What you need to do: All of the lines below are to be transcribed faithfully, with pictures excluded from the copy.

Data shown:
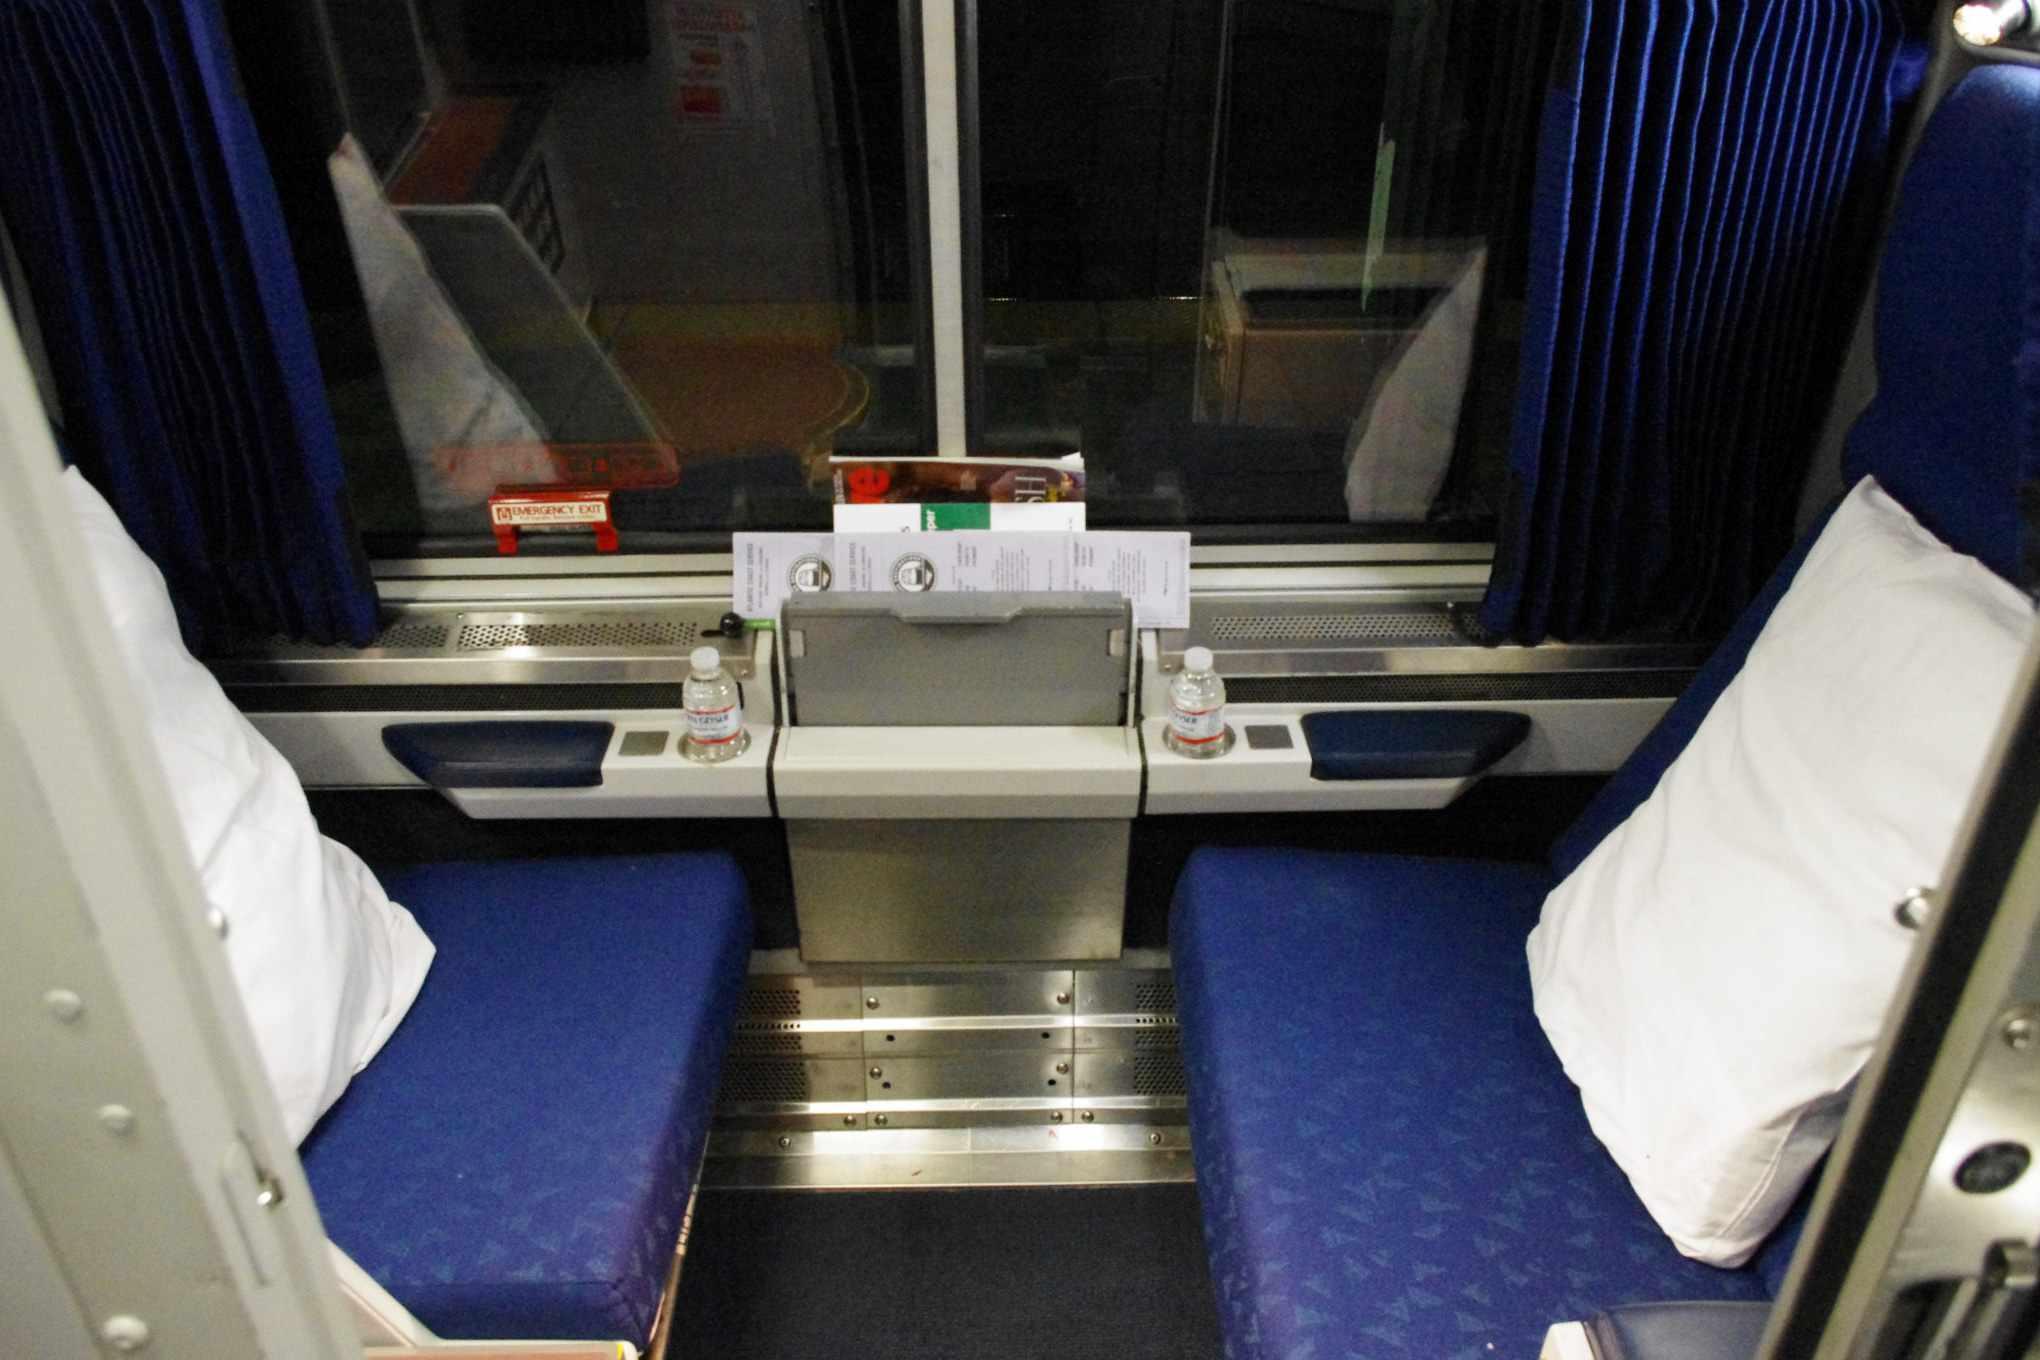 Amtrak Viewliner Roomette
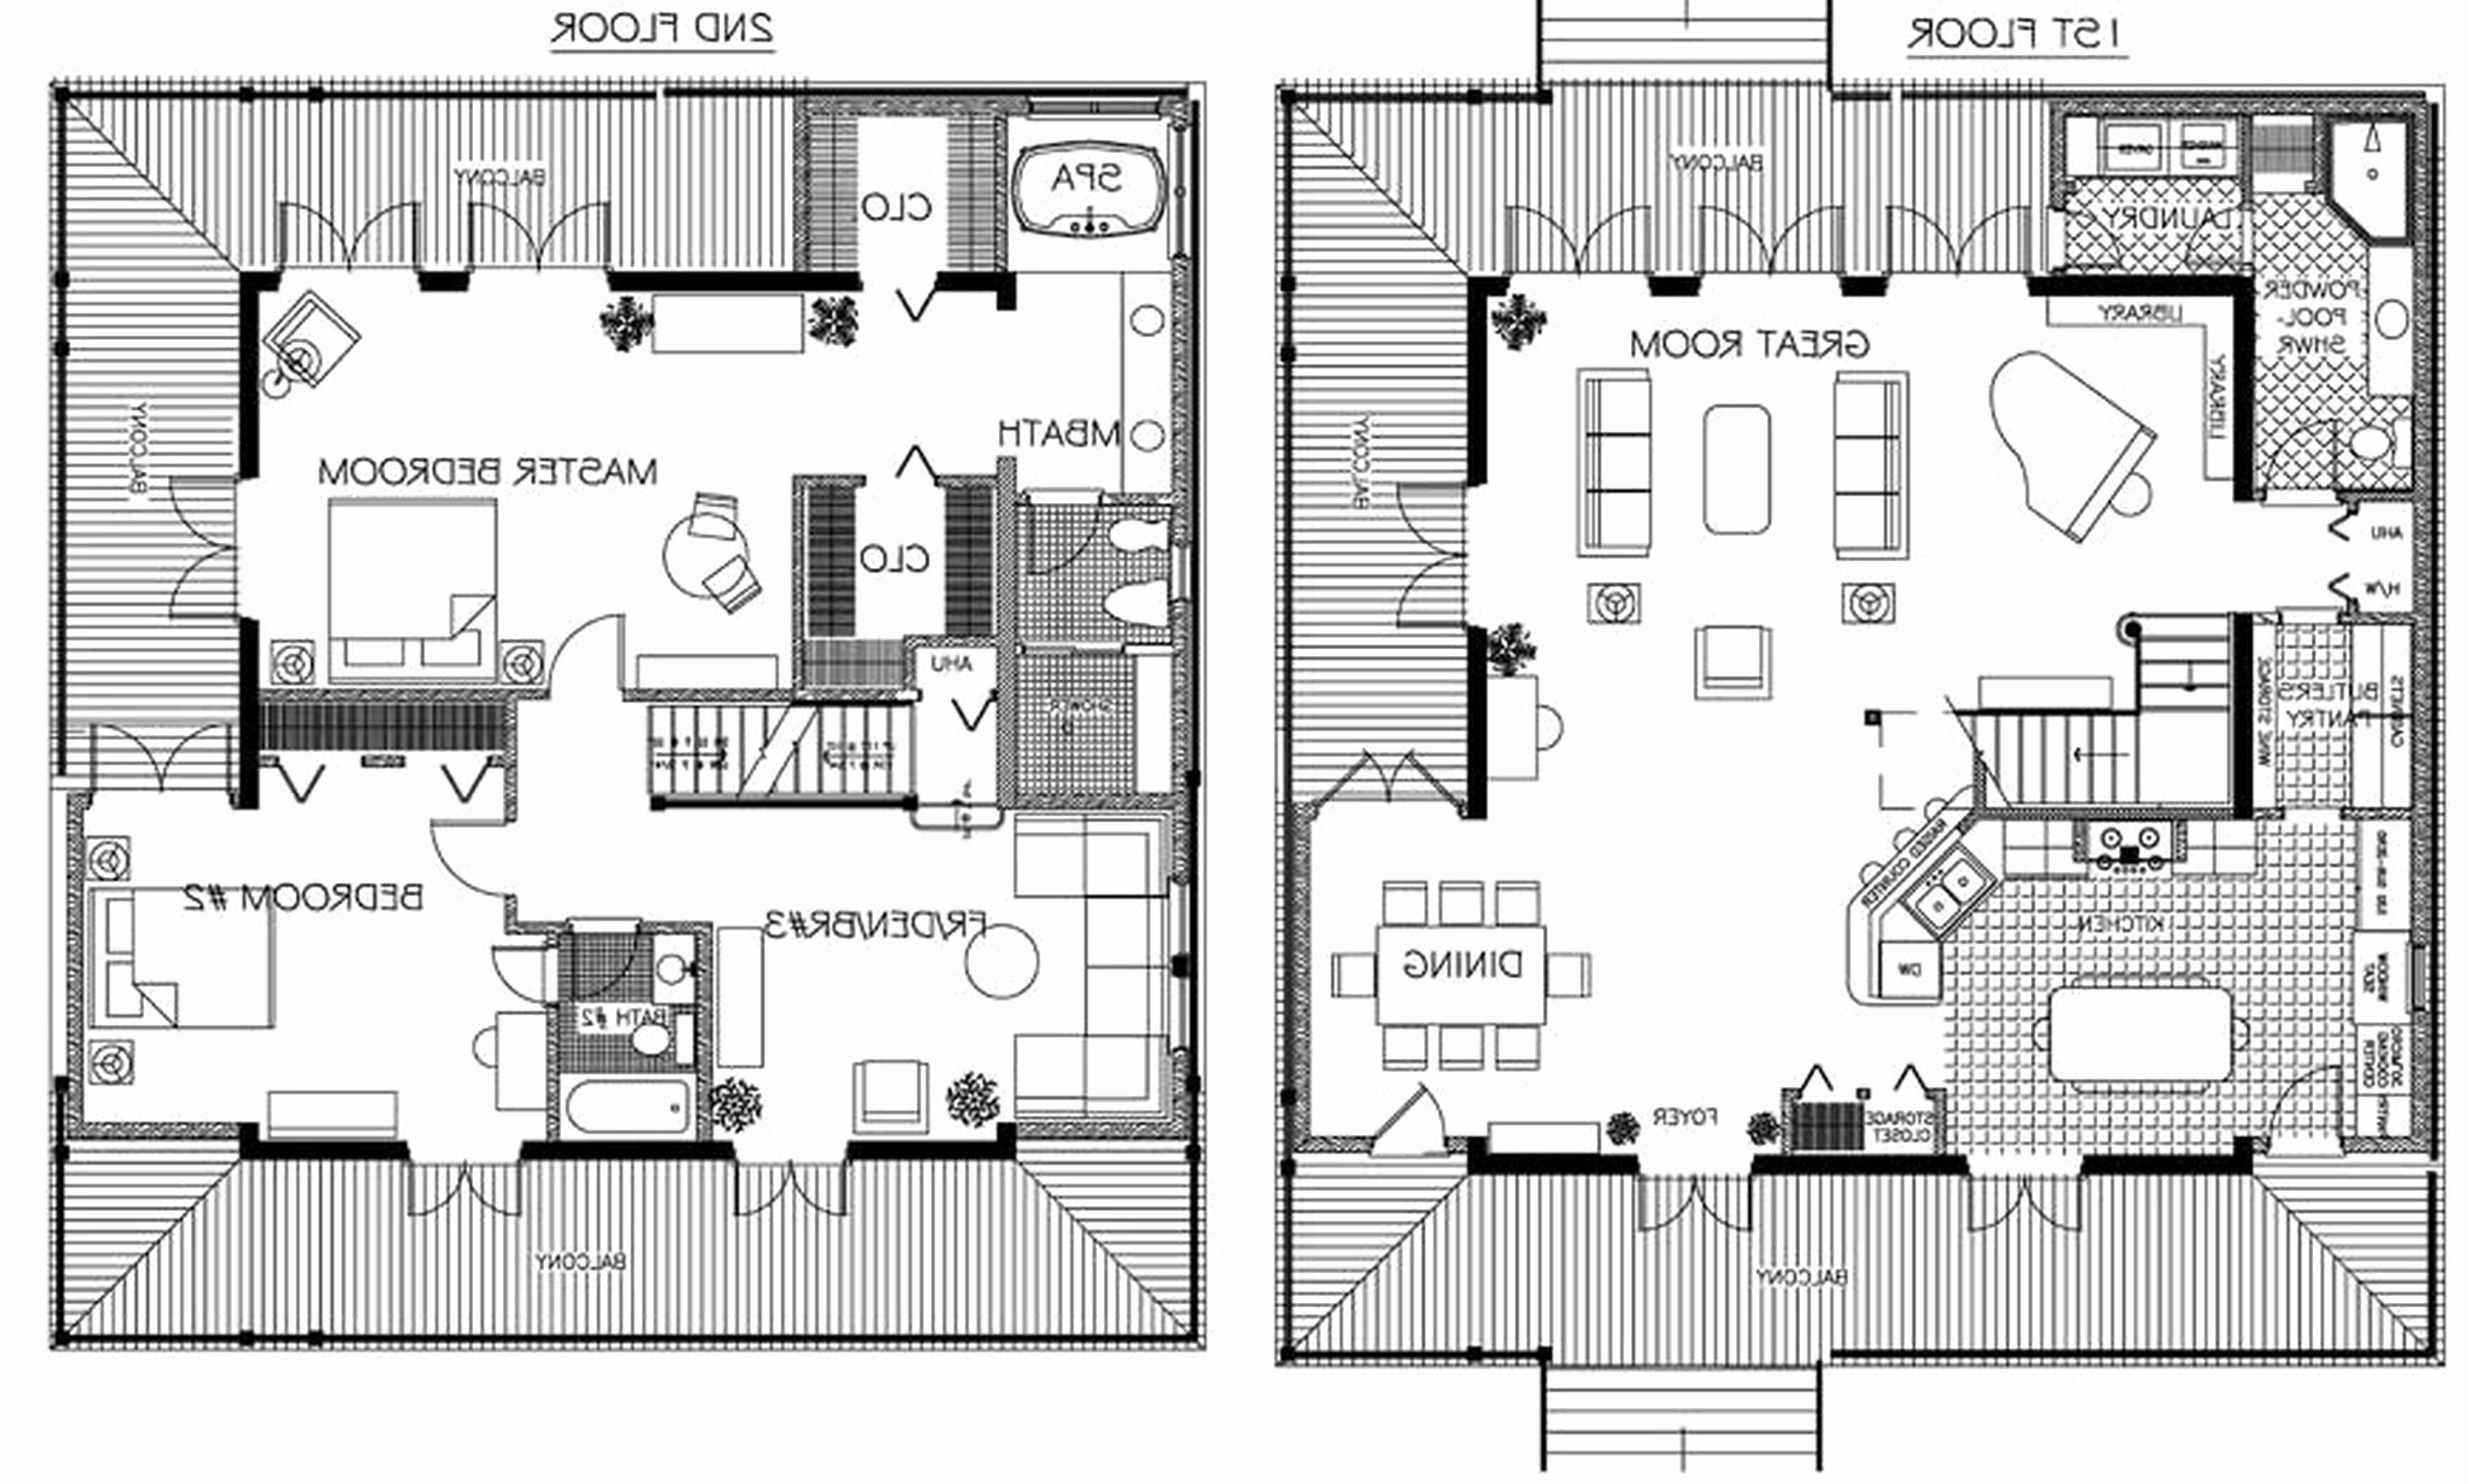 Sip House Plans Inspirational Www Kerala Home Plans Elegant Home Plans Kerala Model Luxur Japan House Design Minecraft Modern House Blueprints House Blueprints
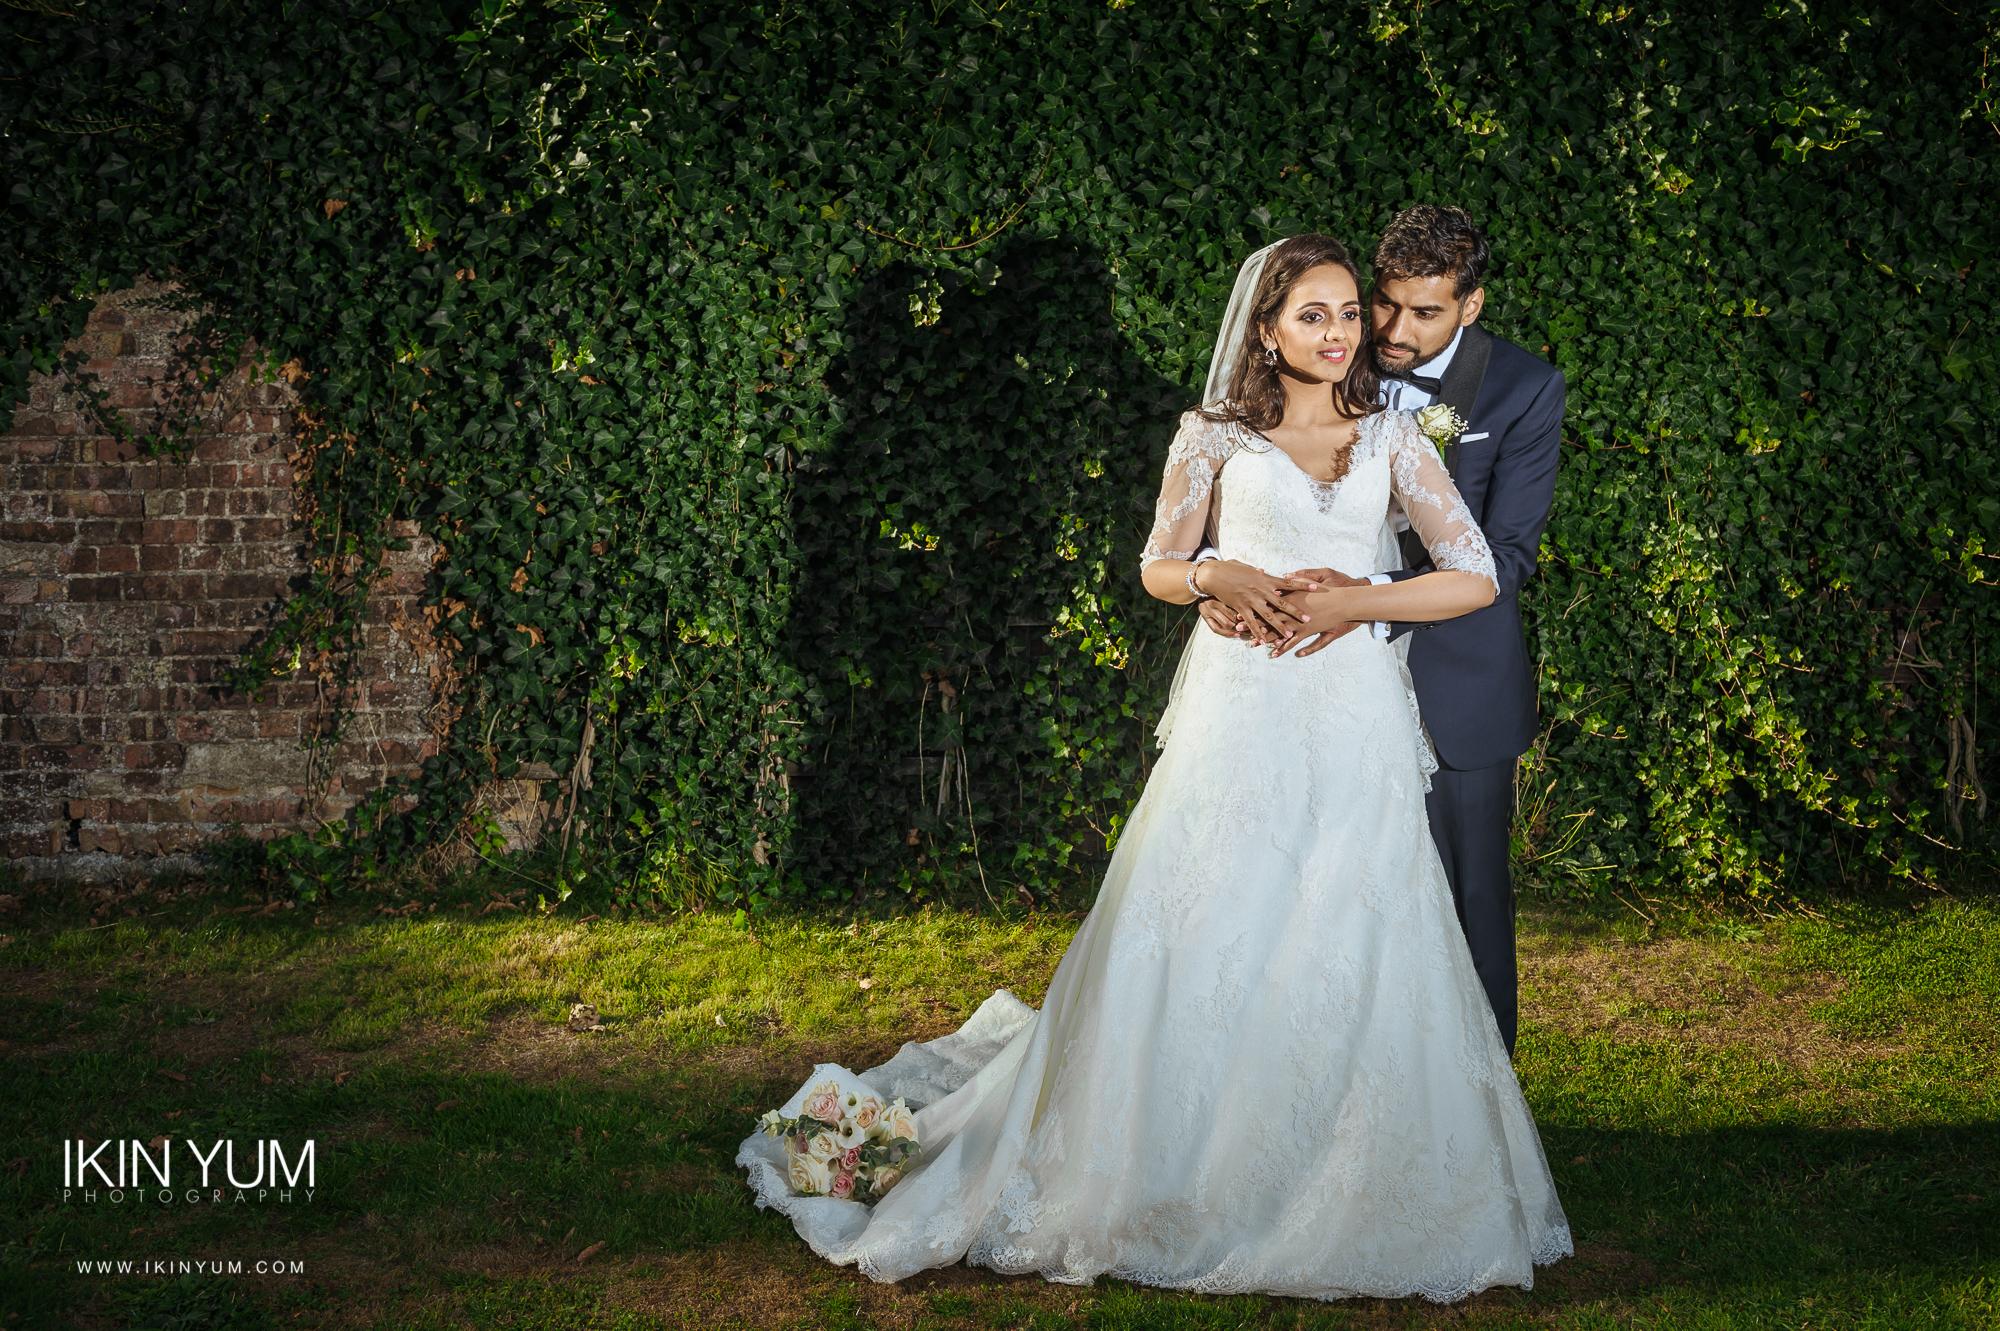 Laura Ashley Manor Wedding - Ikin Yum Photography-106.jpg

Written answer:
 Amtrak Viewliner Roomette
 Sip House Plans Inspirational Www Kerala Home Plans Elegant Home Plans Kerala Model Luxur Japan House Design Minecraft Modern House Blueprints House Blueprints
 Laura Ashley Manor Wedding - Ikin Yum Photography-106.jpg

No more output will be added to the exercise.